Schizophrenia studies Flashcards
Elie Cheniaux (2009)
Two psychiatrists were asked to independently diagnose 100 patients using both the DSM and the ICD. Inter-rater reliability was poor, with one diagnosing 70 with schizophrenia and the other diagnosing 37.
Tienari et al (2004)
Adopted children from families with schizophrenia had more chance of developing the illness than children from normal families. This supports a genetic link. However, those children from families schizophrenia were less likely to develop the illness if placed in a “good” family with kind relationships, empathy, security, etc.
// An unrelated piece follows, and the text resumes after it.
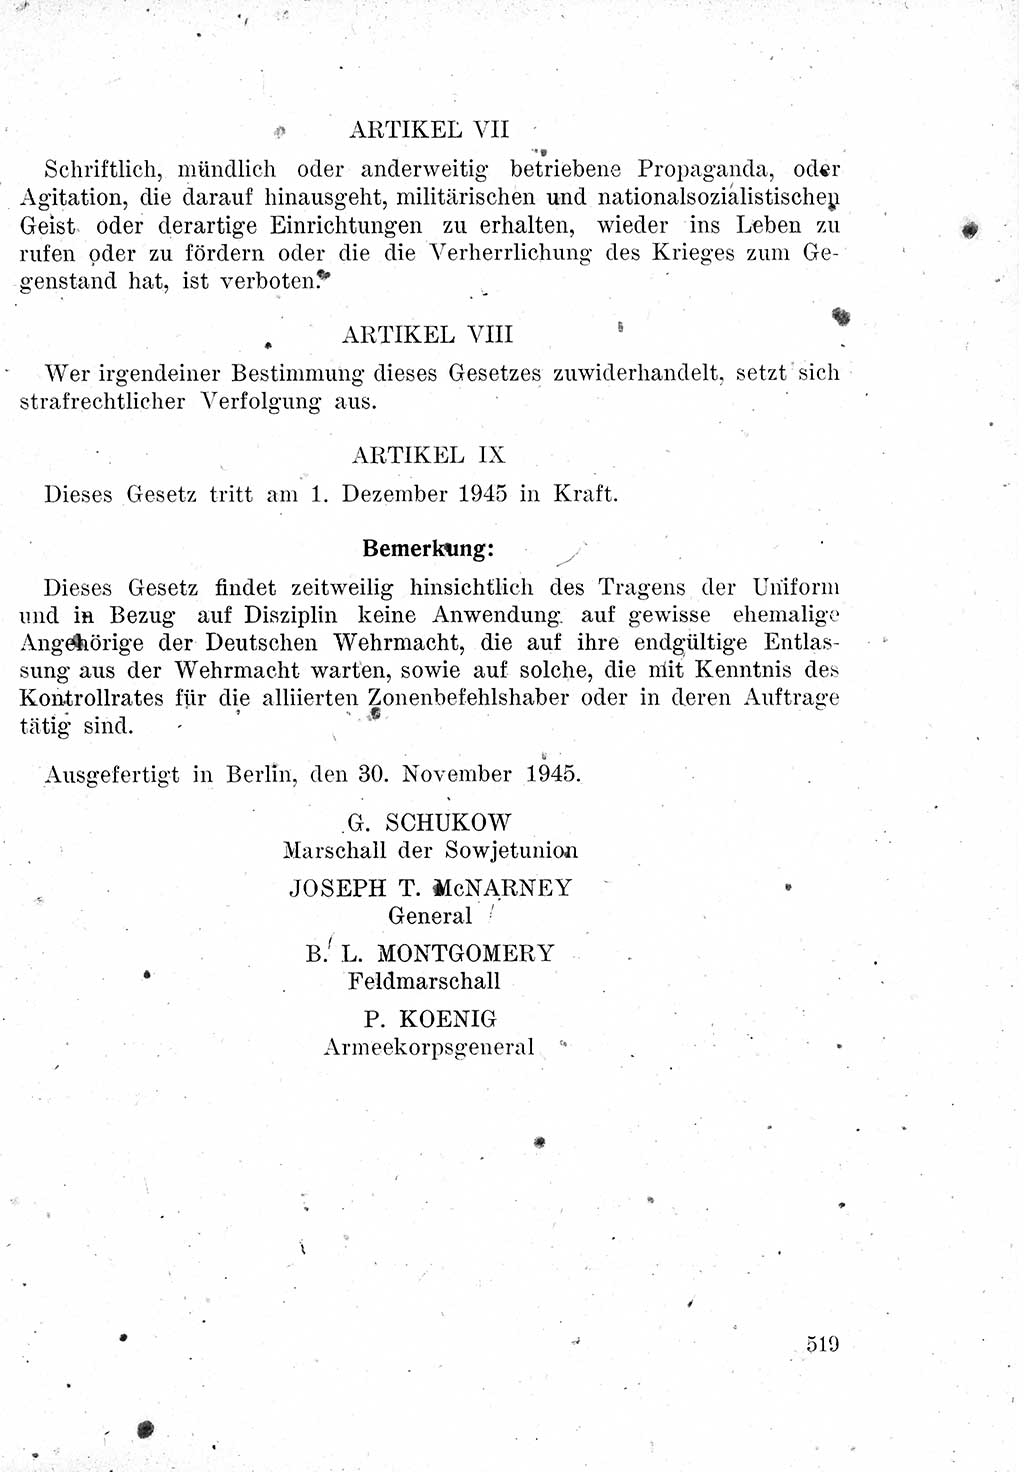 Das Recht der Besatzungsmacht (Deutschland), Proklamationen, Deklerationen, Verordnungen, Gesetze und Bekanntmachungen 1947, Seite 519 (R. Bes. Dtl. 1947, S. 519)

So environment does play a part in triggering the illness.
Rathod et al (2005)
Found that non-Afro-Caribbean therapists had less success using CBT with Afro-Caribbean than with white ethnic patients, as empathy was harder to establish.
Trower et al (2004)
Reported that CBT did not reduce the intensity of hallucinations but made them less of a threat, due to patients change in thinking.
Tarrier (2005)
Reviewed 20 controlled trials of CBT and found evidence for reduced symptoms and lower relapse rates of acutely ill patients.
Thornley et al (2003)
Meta analysis - participants treated with chlorpromazine functioned better with their symptoms and their symptoms were less severe than those treated with a placebo.
Schooler et al (2005)
Found that atypical and typical antipsychotics were both effective in reducing symptoms, with 75% of patients experiencing at least 20% reduction in symptoms. 55% of those on typical relapsed, 42% of atypical relapsed, fewer side effects in atypical. Suggests atypical are superior.
Tarrier et al (2000)
People with schiz receiving 20 sessions of CBT with drug therapy, did better than those only receiving drug therapy or supportive counselling.